*Problem details*. For the entries below, copy exactly the line that contains "1 AK Burundi" through the line that contains "3D greenflächen 765", both ends included, and exclude all pictures.

*Working data*.

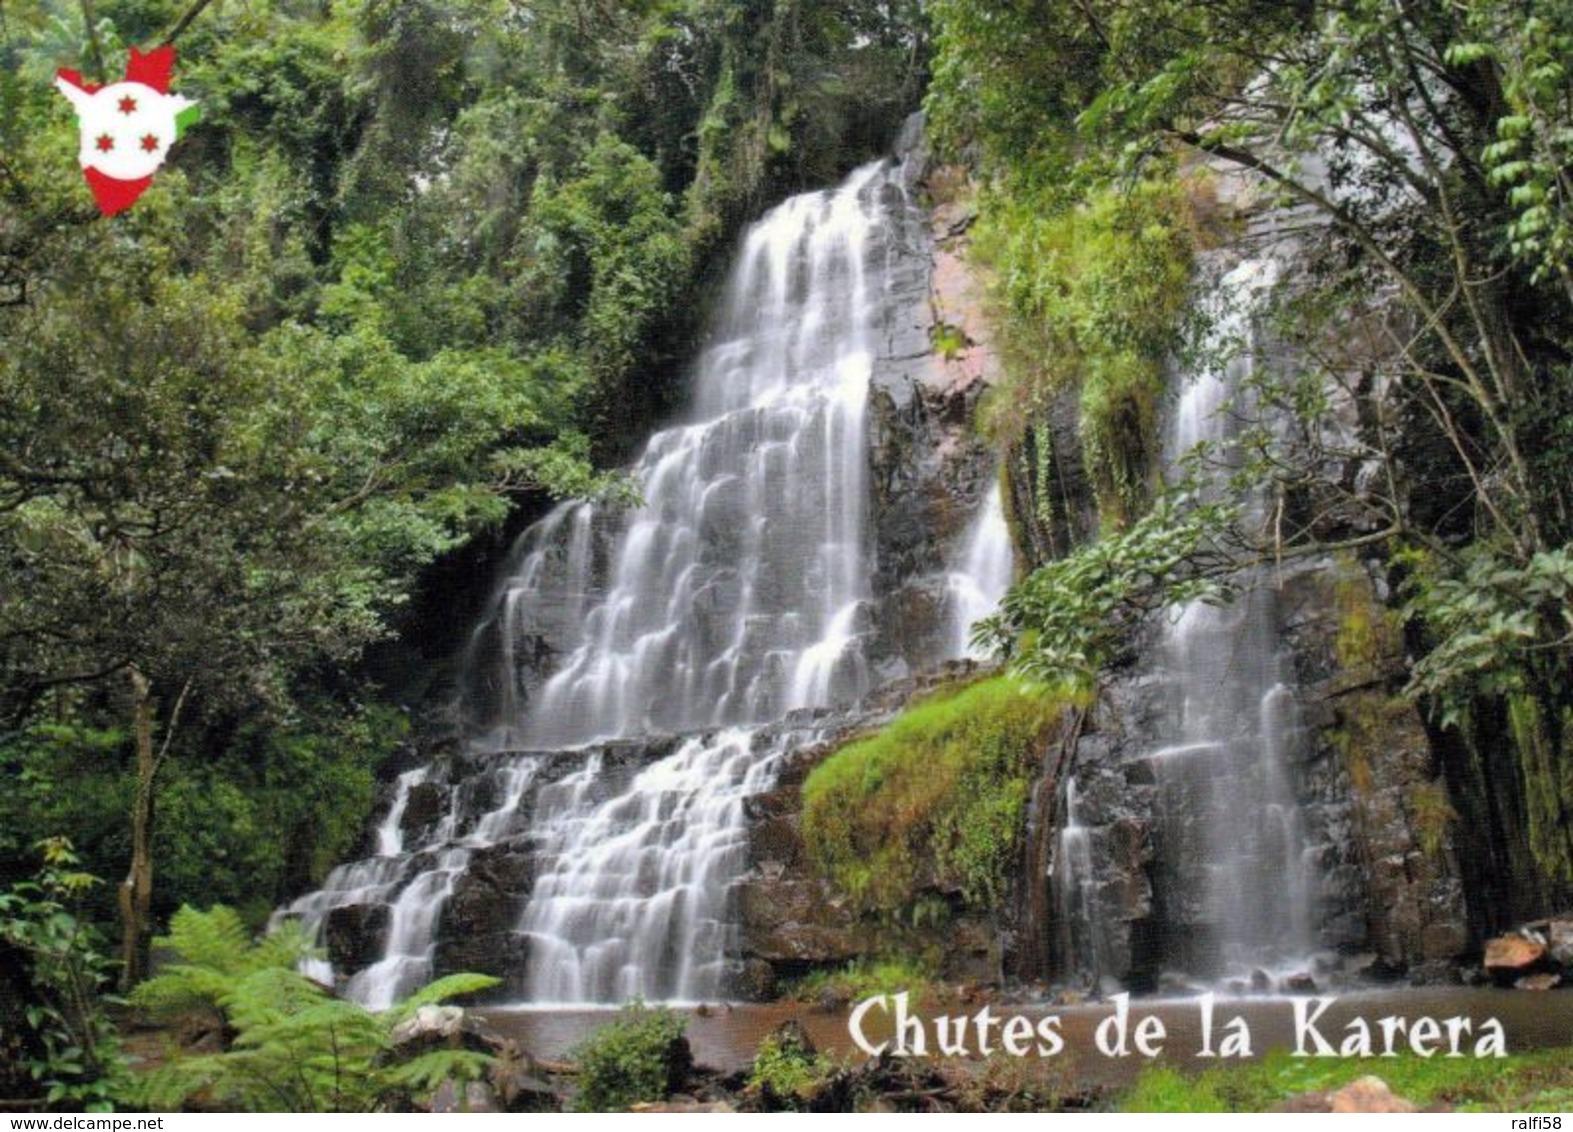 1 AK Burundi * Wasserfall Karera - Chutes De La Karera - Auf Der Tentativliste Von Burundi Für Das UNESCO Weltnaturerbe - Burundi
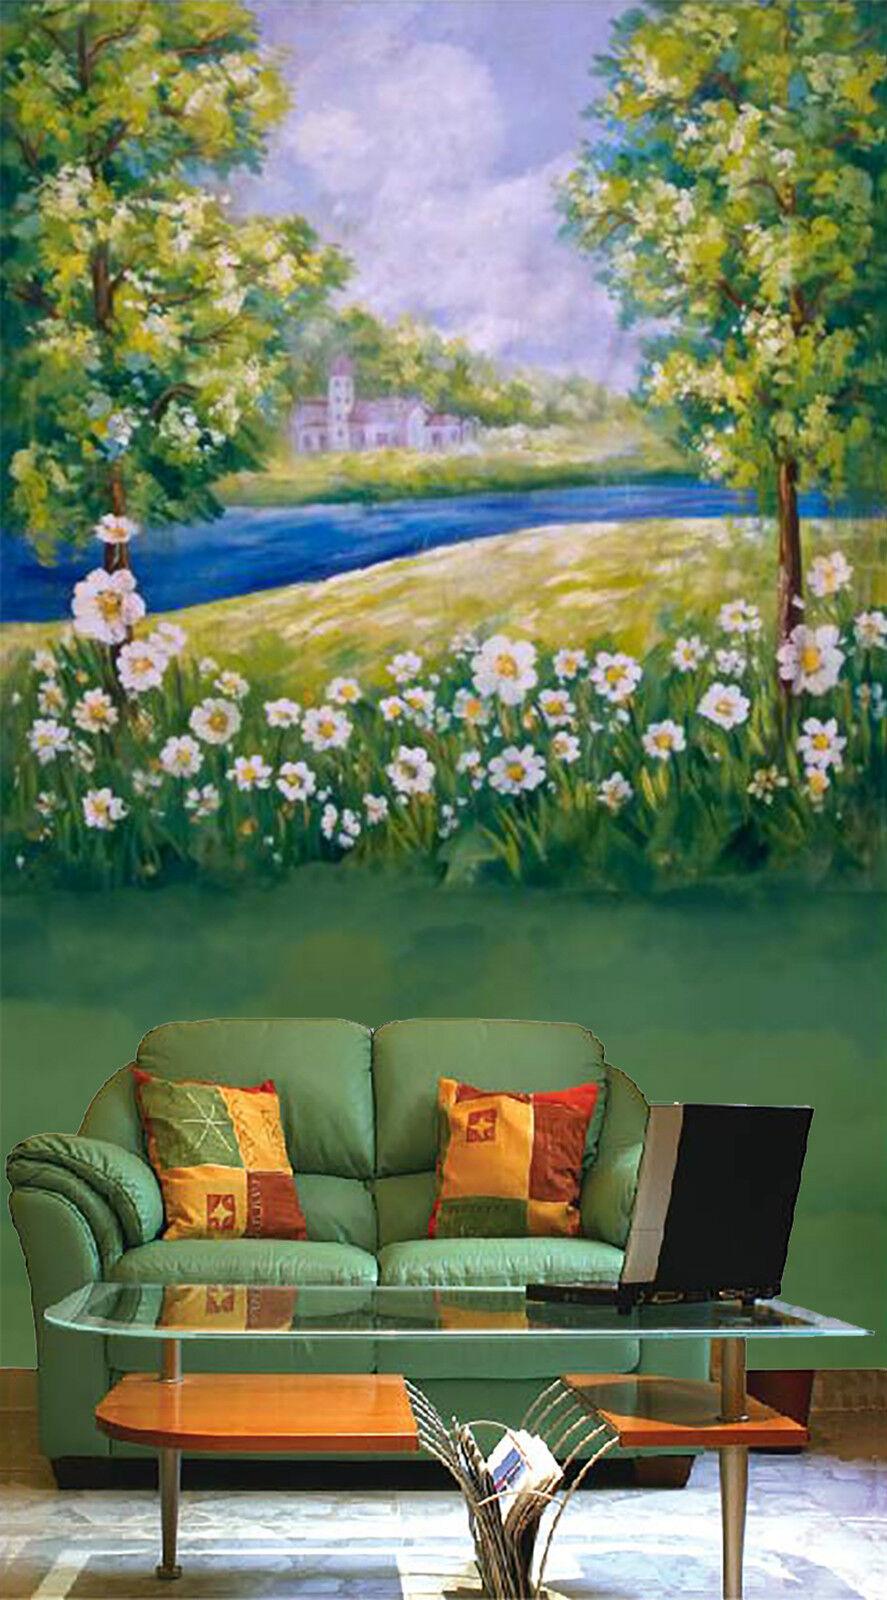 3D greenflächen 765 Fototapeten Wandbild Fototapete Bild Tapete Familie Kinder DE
==
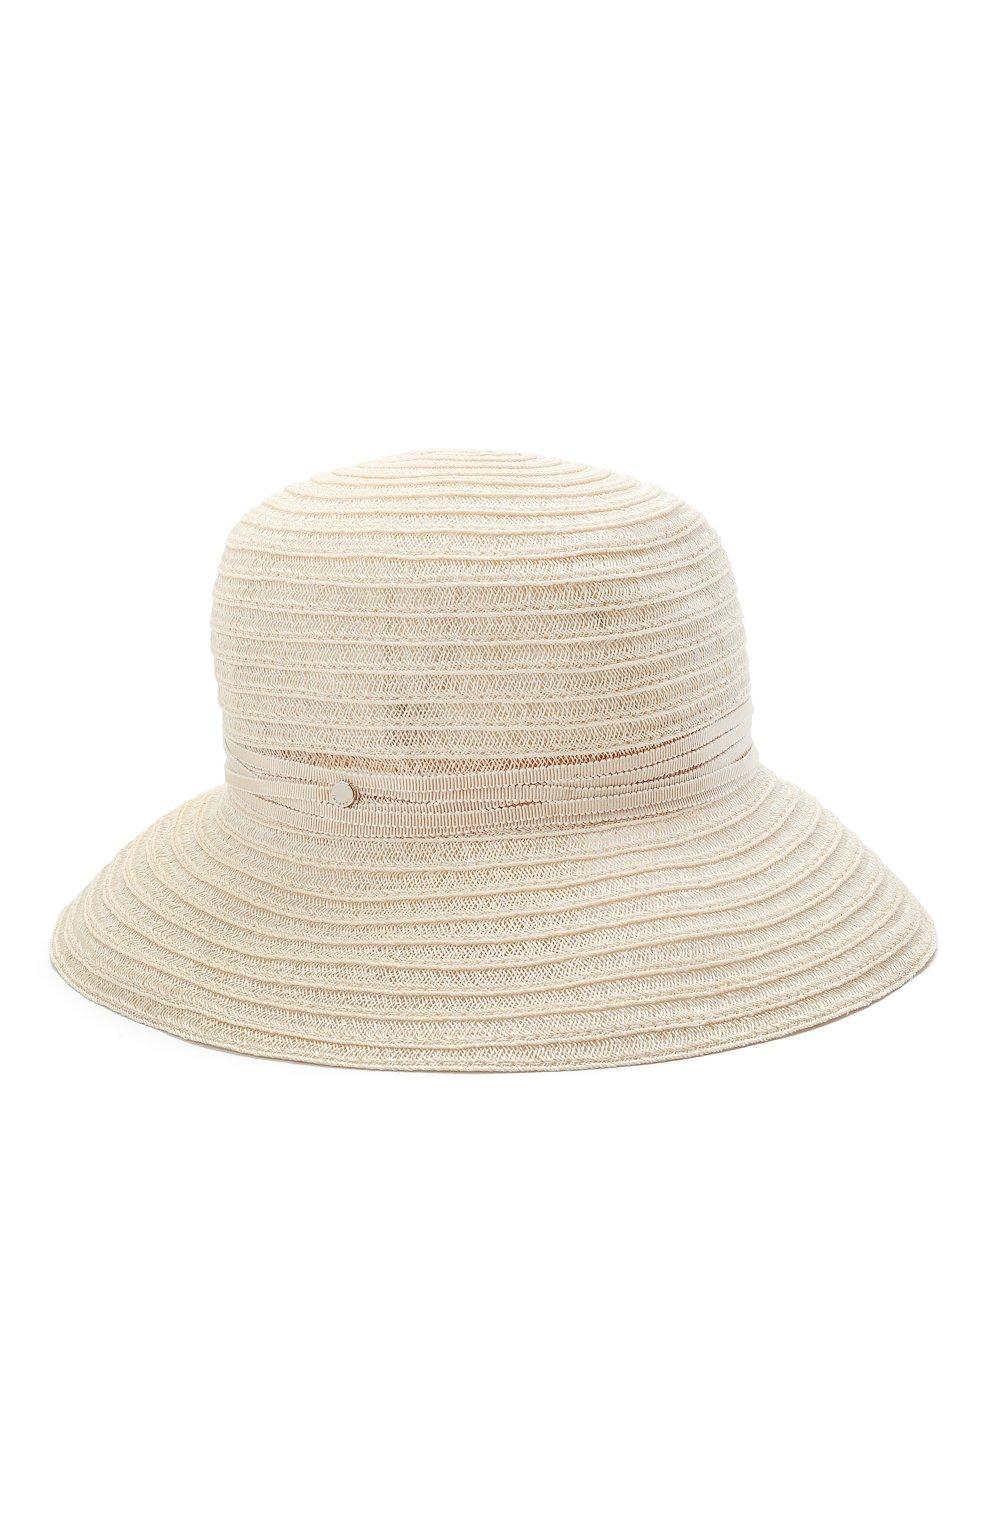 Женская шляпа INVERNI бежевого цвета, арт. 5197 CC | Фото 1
--
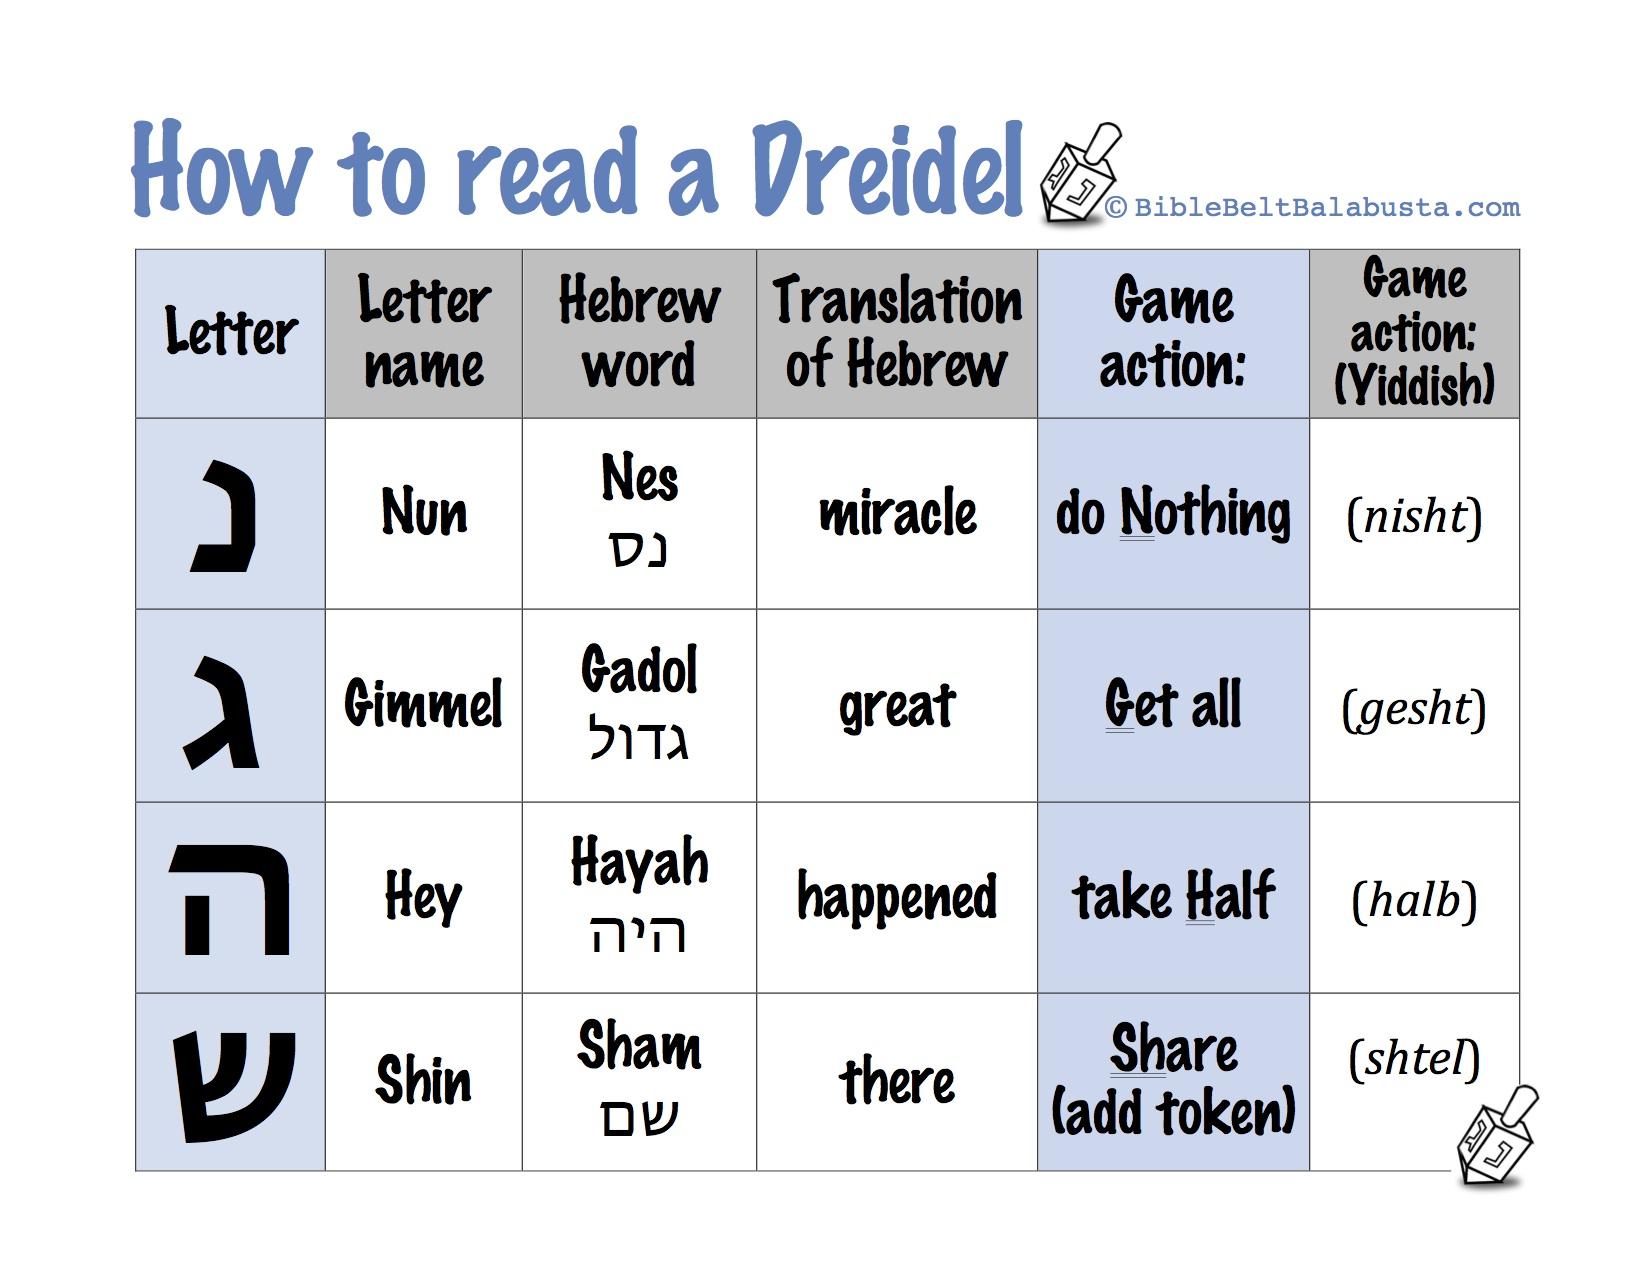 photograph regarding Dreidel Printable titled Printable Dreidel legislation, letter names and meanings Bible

*Answer space*.
 1 AK Burundi * Wasserfall Karera - Chutes De La Karera - Auf Der Tentativliste Von Burundi Für Das UNESCO Weltnaturerbe - Burundi
 3D greenflächen 765 Fototapeten Wandbild Fototapete Bild Tapete Familie Kinder DE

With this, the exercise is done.